Cleaning the Iowa Liquor Sales Dataset
This R coding project aimed to clean the Iowa Liquor Sales dataset. Missing data was imputed using appropriate logic and methods, and categories were condensed by merging similar ones for ease of analysis and meaningful interpretation.
Background
This data is taken from the State of Iowa’s publicly available data website. It was and still is collected by the Iowa Department of Commerce, Alcoholic Beverages Division, who publishes the data. The page for the dataset can be accessed here: https://data.iowa.gov/Sales-Distribution/Iowa-Liquor-Sales/m3tr-qhgy.

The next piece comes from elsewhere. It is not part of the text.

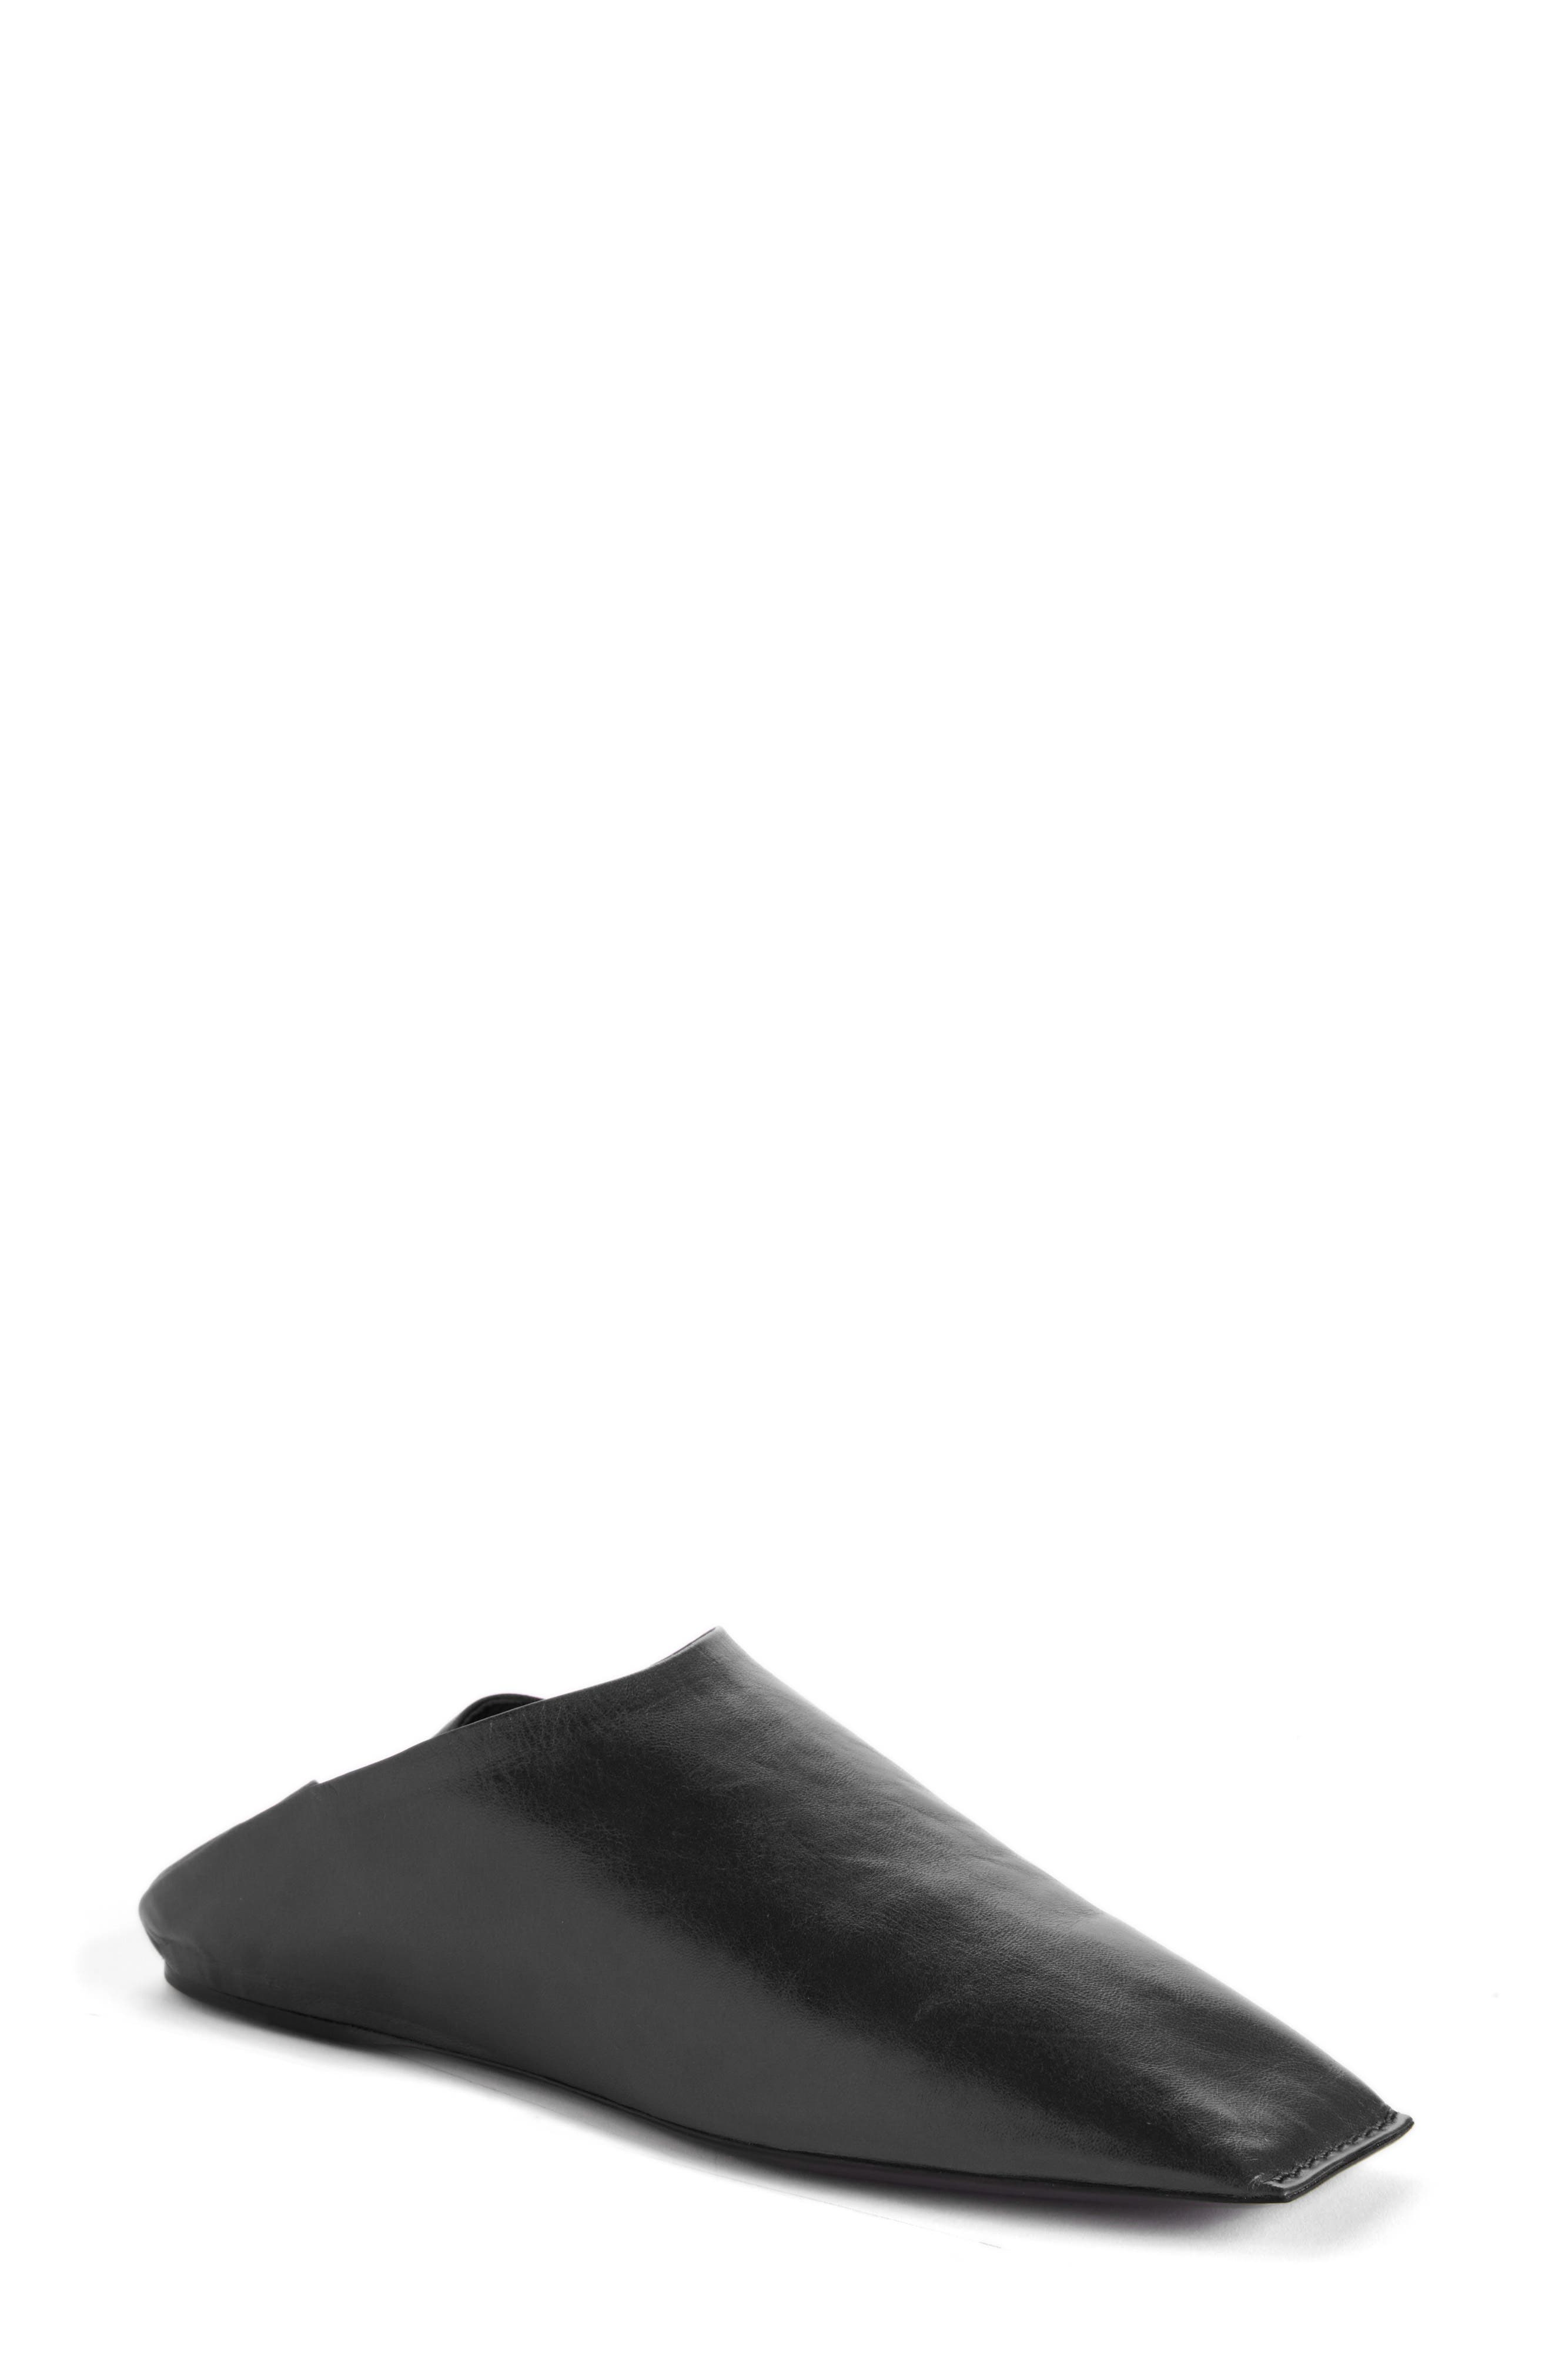 Alternate Image 1 Selected - Balenciaga Square Toe Mule (Women)

The data I’ll be working with is the following:
Original Column Name | New Column Name | Description |
---|---|---|
Date | date | Date of order |
County | county | County where the store who ordered the liquor is located |
City | city | City where the store who ordered the liquor is located |
Zip Code | zipCode | Zip code where the store who ordered the liquor is located |
Store Number | store | Unique number assigned to the store who ordered the liquor |
Vendor Number | vendor | The vendor number of the company for the brand of liquor ordered |
Category Name | category | Category of the liquor ordered |
Item Description | item | Description of the individual liquor product ordered |
Sales (Dollars) | sales | Total cost of liquor order (number of bottles multiplied by the state bottle retail) |
State Bottle Cost | bottleCost | The amount that Alcoholic Beverages Division paid for each bottle of liquor ordered |
State Bottle Retail | bottleRetail | The amount the store paid for each bottle of liquor ordered |
Preliminaries
Loading the Required Libraries
These two packages are required to better work with the data.
library(tidyverse)
library(lubridate)
Reading in and Sampling the Data
Here, we first create a named vector, consisting of the desired names for our columns and the names of the columns in the dataset.
selectedVars <- c(date = "Date",
store = "Store Number",
city = "City",
county = "County",
vendor = "Vendor Number",
bottleCost = "State Bottle Cost",
bottleRetail = "State Bottle Retail",
zipCode = "Zip Code",
category = "Category Name",
item = "Item Description",
sales = "Sale (Dollars)")
Before we sample the data, we set the seed to ensure reproducibility, otherwise the results of the analysis would differ each run despite the code being identical. In this instance, I used the due date as the seed.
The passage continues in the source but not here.